Drover pays dealers based on each day a car has been booked for a particular month, even if Drover itself hasn’t received payment from the customer.
A spokesman for Drover said: “With vehicle ownership continuing to change, a partnership with Drover gives dealers an opportunity to understand the model. Drover has coverage across the UK and is always looking for new dealership partners.”
Founded in 2016, Hiyacar aims to be the Airbnb of the automotive industry. It is financially backed by Itochu, the owners of Kwik Fit. It’s a car-sharing platform that connects people with under-utilised vehicles with those that need transport or “flexible car ownership”. No deposit is required for customers to start using the service.
A “QuickStart” solution installs a telematics box that gives Hiyacar customers access to the vehicle and tracks and manages rentals and transactions.
Hiyacar’s core model, is peer-to-peer or consumer-to-consumer, but it is looking to supplement that by partnering with dealerships.
Sepi Arani, Hiyacar’s head of growth and formerly a future mobility operations manager for Audi, said the company is exploring multiple partnerships with dealerships and manufacturers directly.
The business launched with a focus on London, but is to expand to Brighton, Manchester, Bristol and Edinburgh this year.
Arani said: “Peer-to-peer will remain at the core of the business, but we are now looking to expand further with partnerships with dealerships and manufacturers.
“Dealers keep around 80% of the price they set for their vehicles and it’s a way to generate money from pre-registered or used car stock that might be sitting idle.

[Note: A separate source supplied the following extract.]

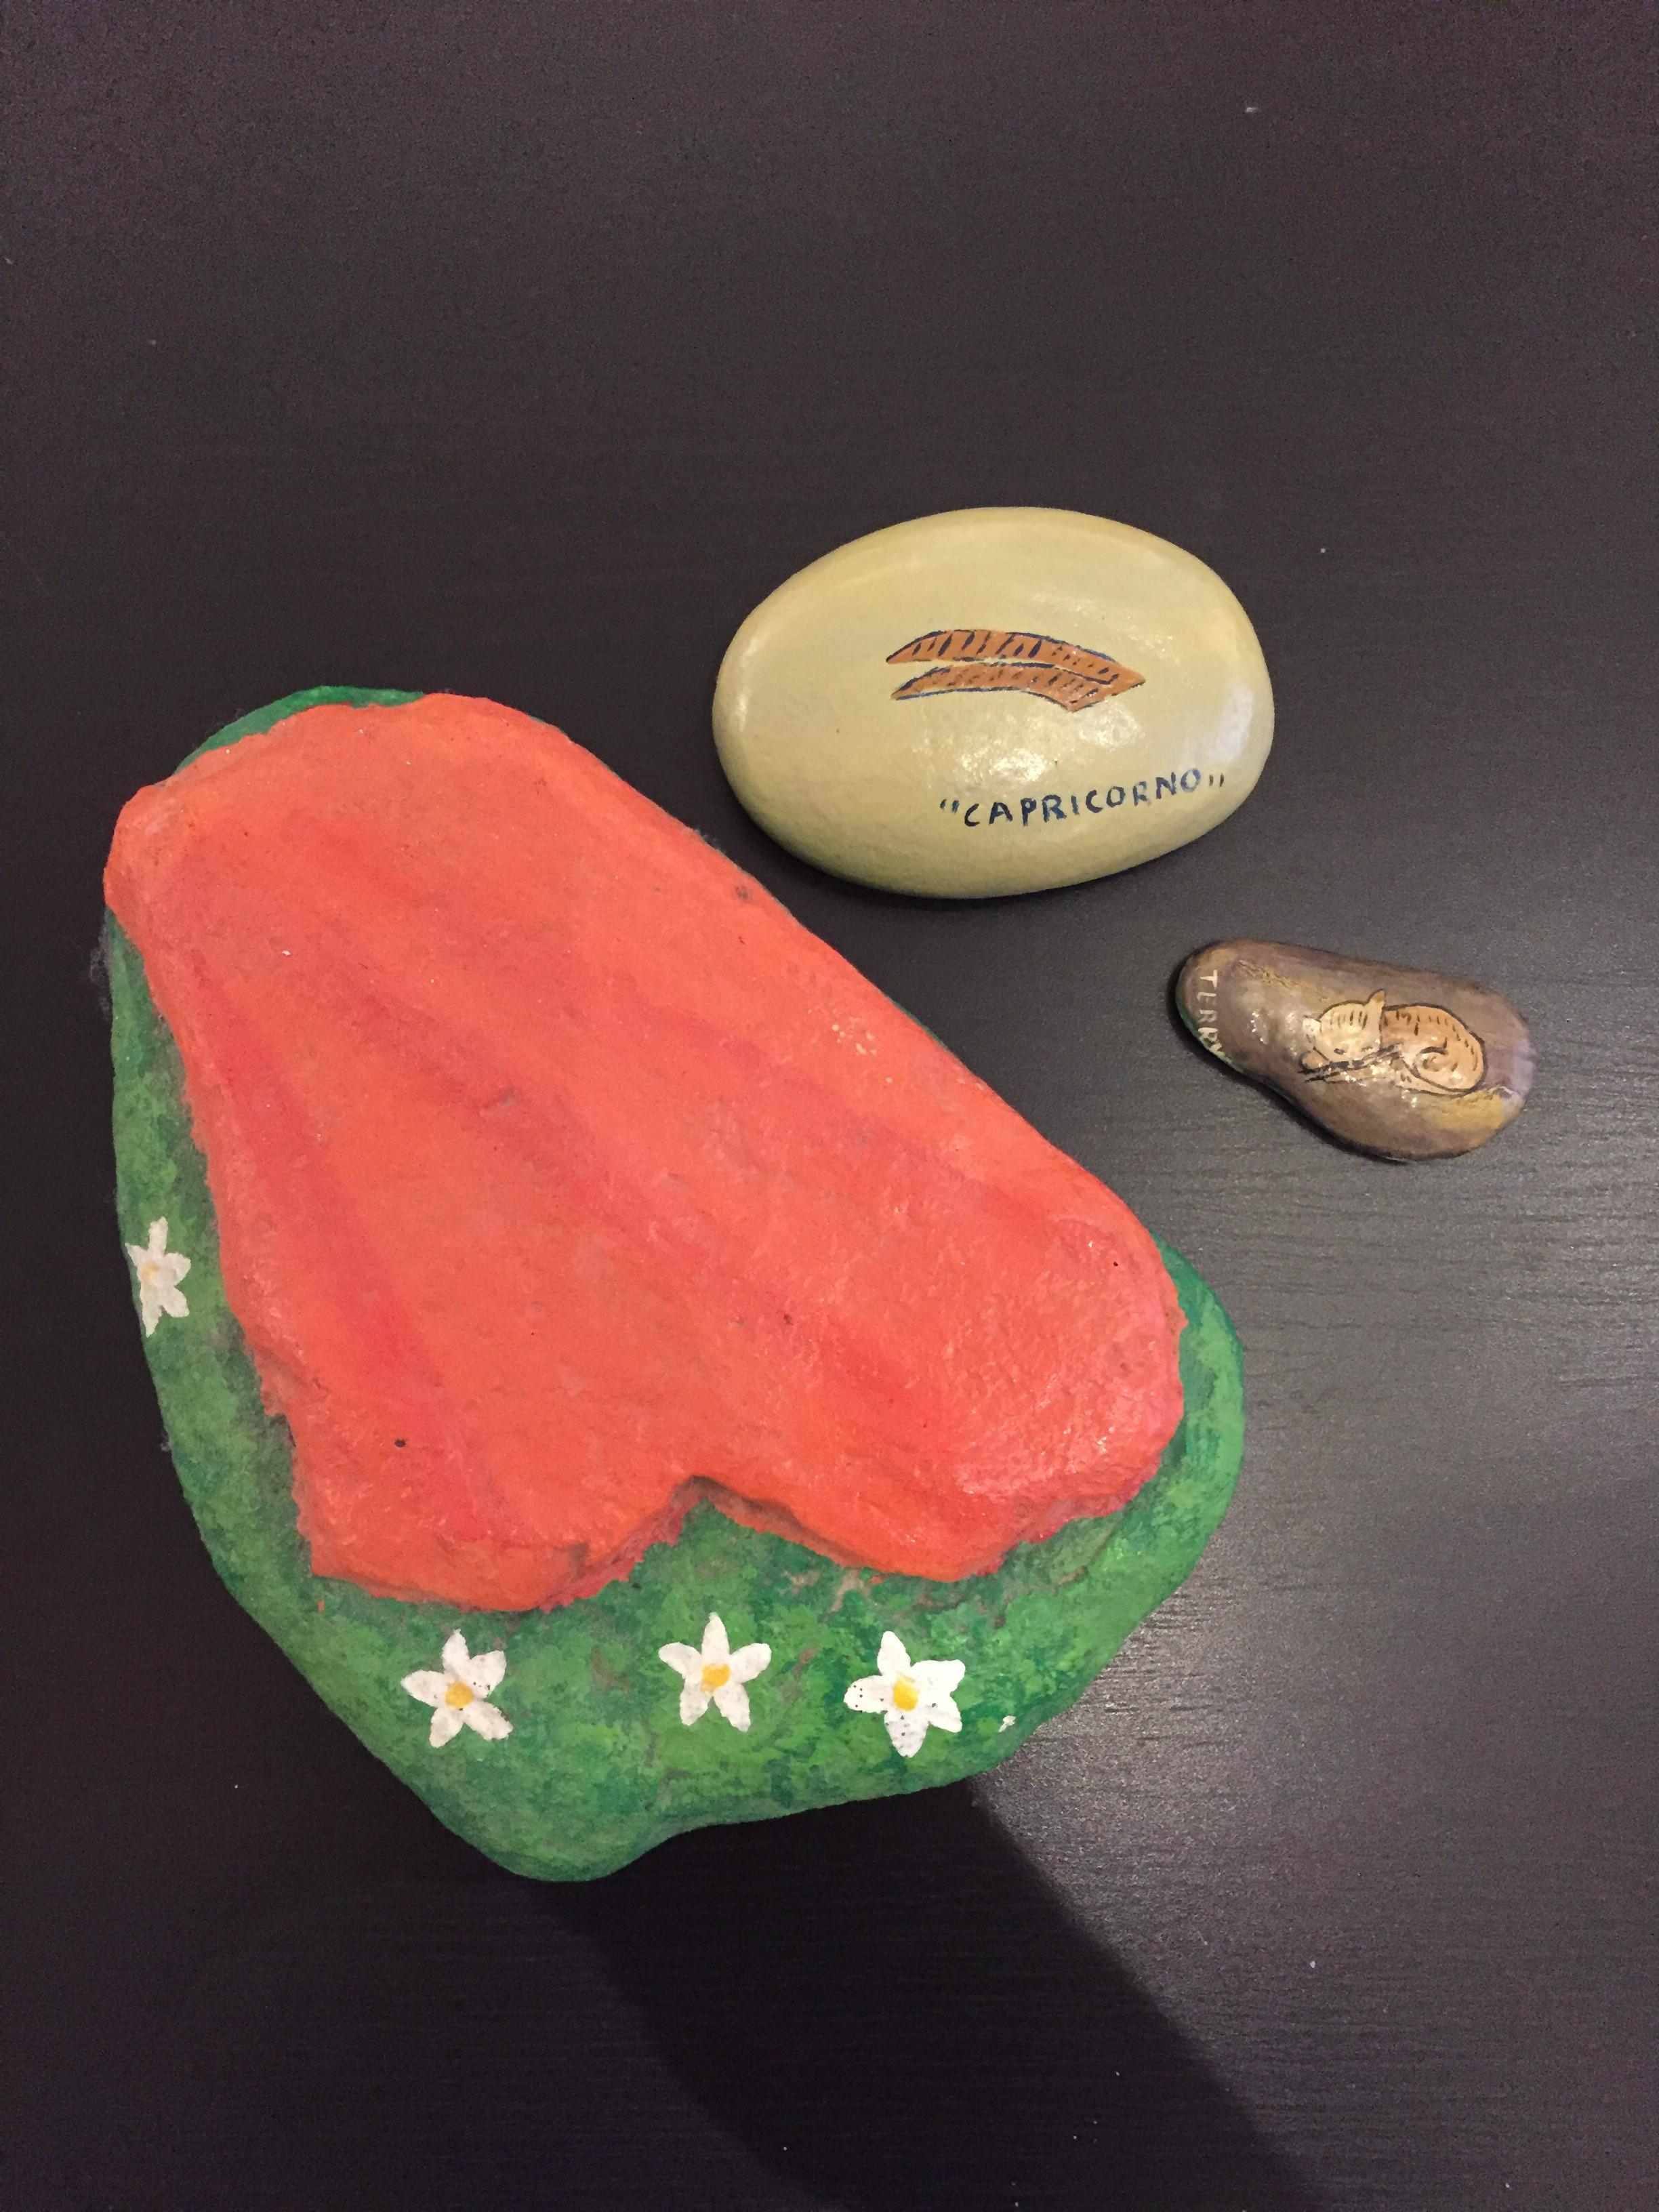 Dipingere Sassi Per Natale i sassi dipinti, un must da sempre!!! - bloggerart

It’s also a good way for independent dealers to diversify their business model.”
Arani said Hiyacar is a different proposition to Drover as it offers older stock (up to eight years old) allowing prices to start from £28 a day or £250-£300 a month as part of a soon to be launched monthly offering.

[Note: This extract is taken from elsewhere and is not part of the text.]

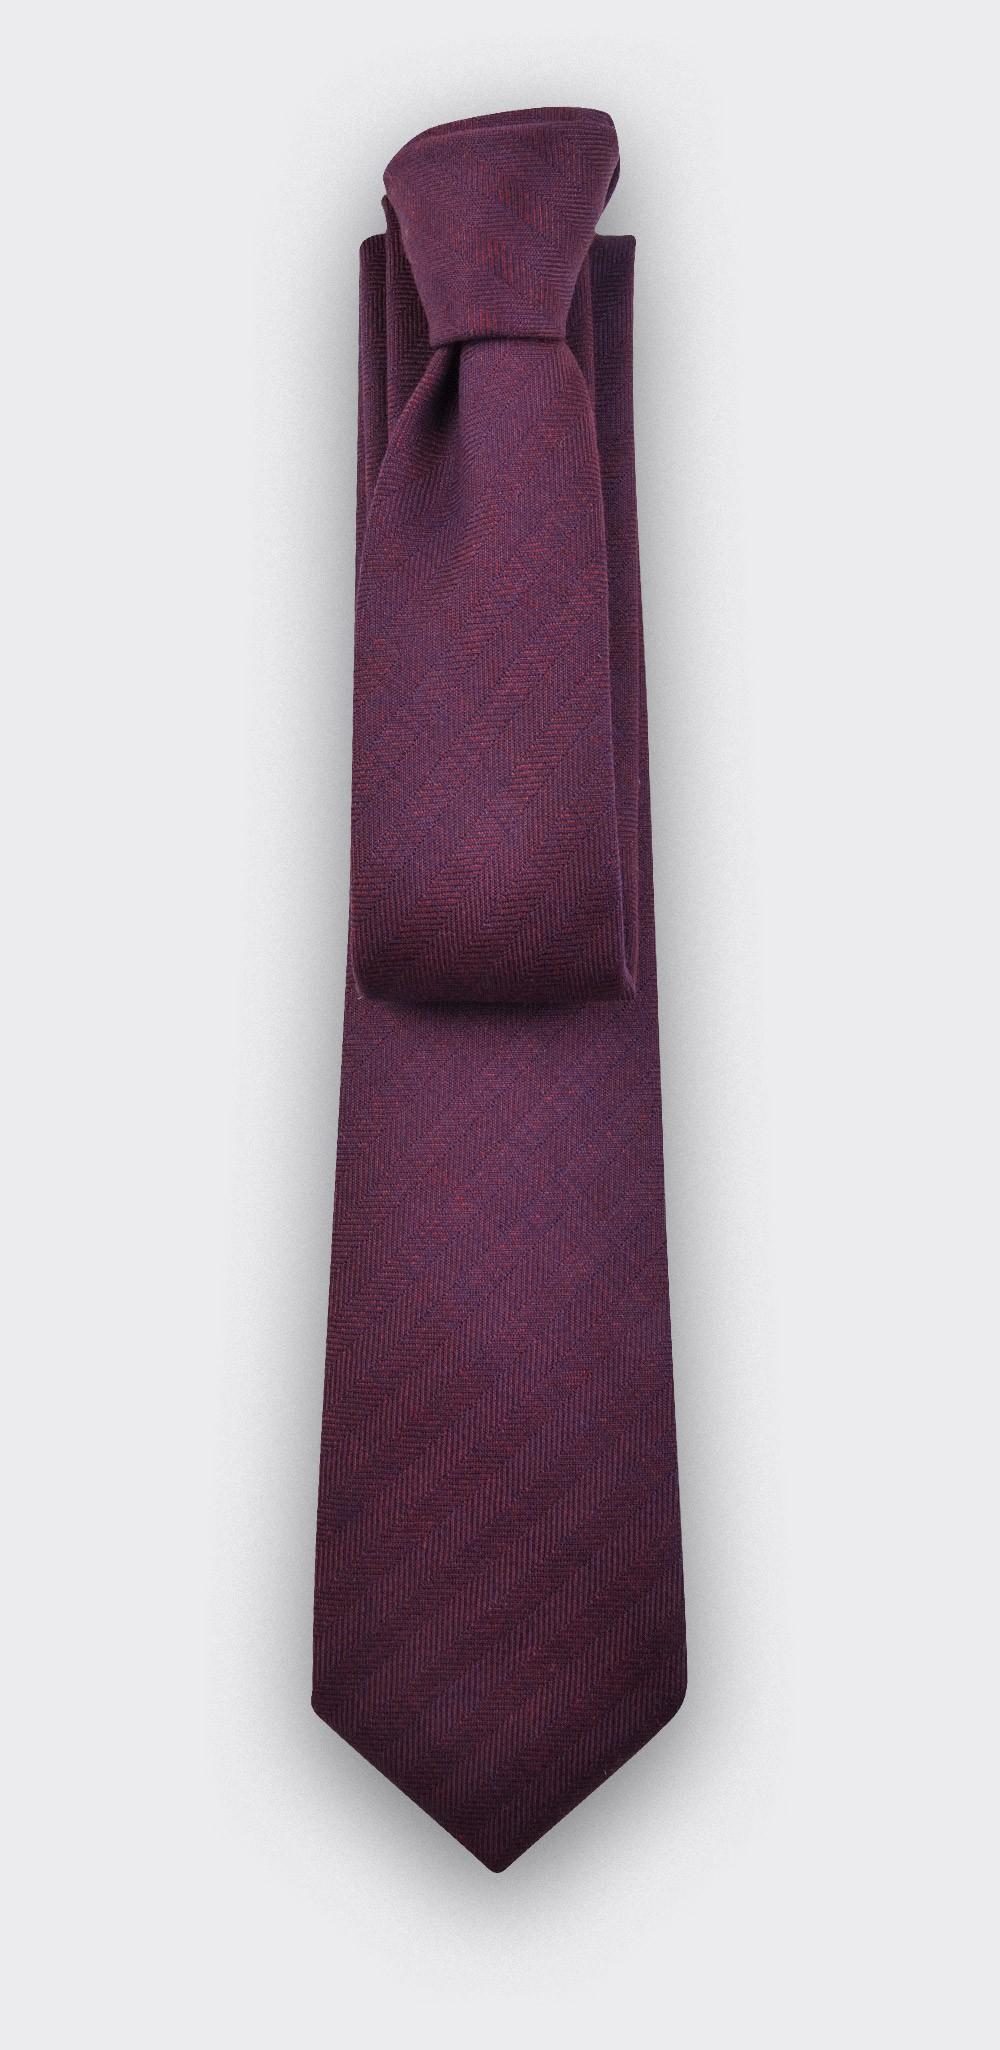 Burgundy Herringbone Tie - cinabre paris

Tomorrow’s Journey is also focused on monetising under-utilised vehicles.
Owners of cars or vans, including dealers, can add their assets to the JRNY platform. Customers can then rent a vehicle and JRNY uses telematics to manage and track the vehicle’s location and availability.
The JRNY app uses technology through the app to prove identity, store payment data and match customers to the right vehicle.

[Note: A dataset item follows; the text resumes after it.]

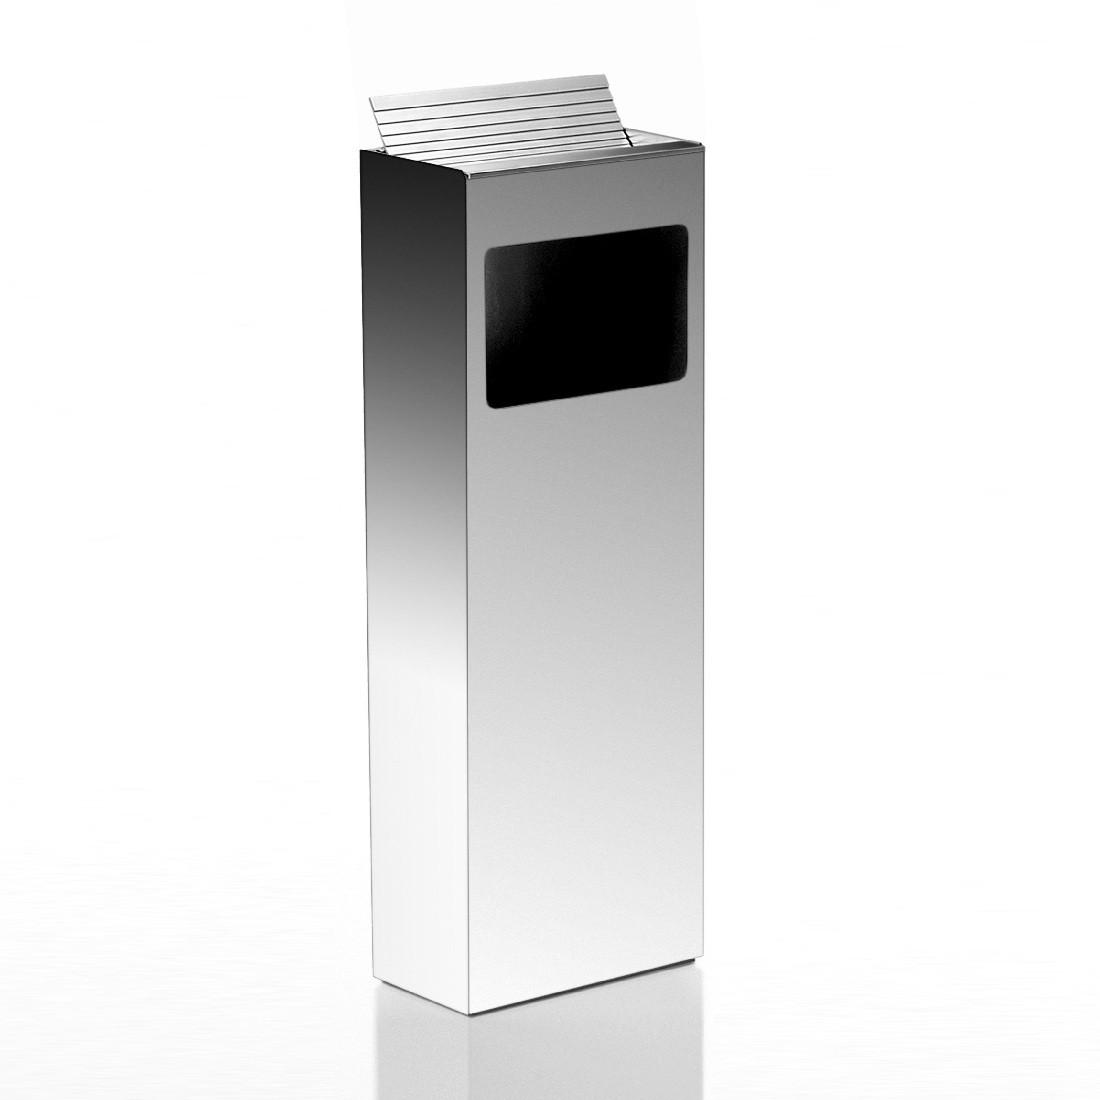 Aschenbecher Mercuri – (16L) – Edelstahl, Blanke Design online kaufen

Dealers and owners of vehicles can make stipulations for the type of drivers that can rent their vehicles like requiring drivers to be over a certain age, no points on their licence or being a UK resident for the last three years.
Dealers can list over-age or pre-registered vehicles on JRNY for rental or subscription from third parties while simultaneously listing them for sale, the idea being that these vehicles can be generating revenue while unsold.
LeasePlan UK is the first company to provide vehicles for a pilot scheme with Tomorrow’s Journey in the Milton Keynes area.
Chris Kirby, Tomorrow’s Journey chief executive and co-founder, believes dealers and manufacturers can combine their traditional retail model with the emerging mobility as a service (MaaS) trend rather than risk being overtaken by disruptors.
Kirby said: “If dealers embrace the changes, they are well placed to take a slice of a £900 billion mobility services market by 2025, the size of which was predicted by the Government’s Innovate UK Transport Systems Catapult. We always say to dealers, don’t fight mobility – lead it.”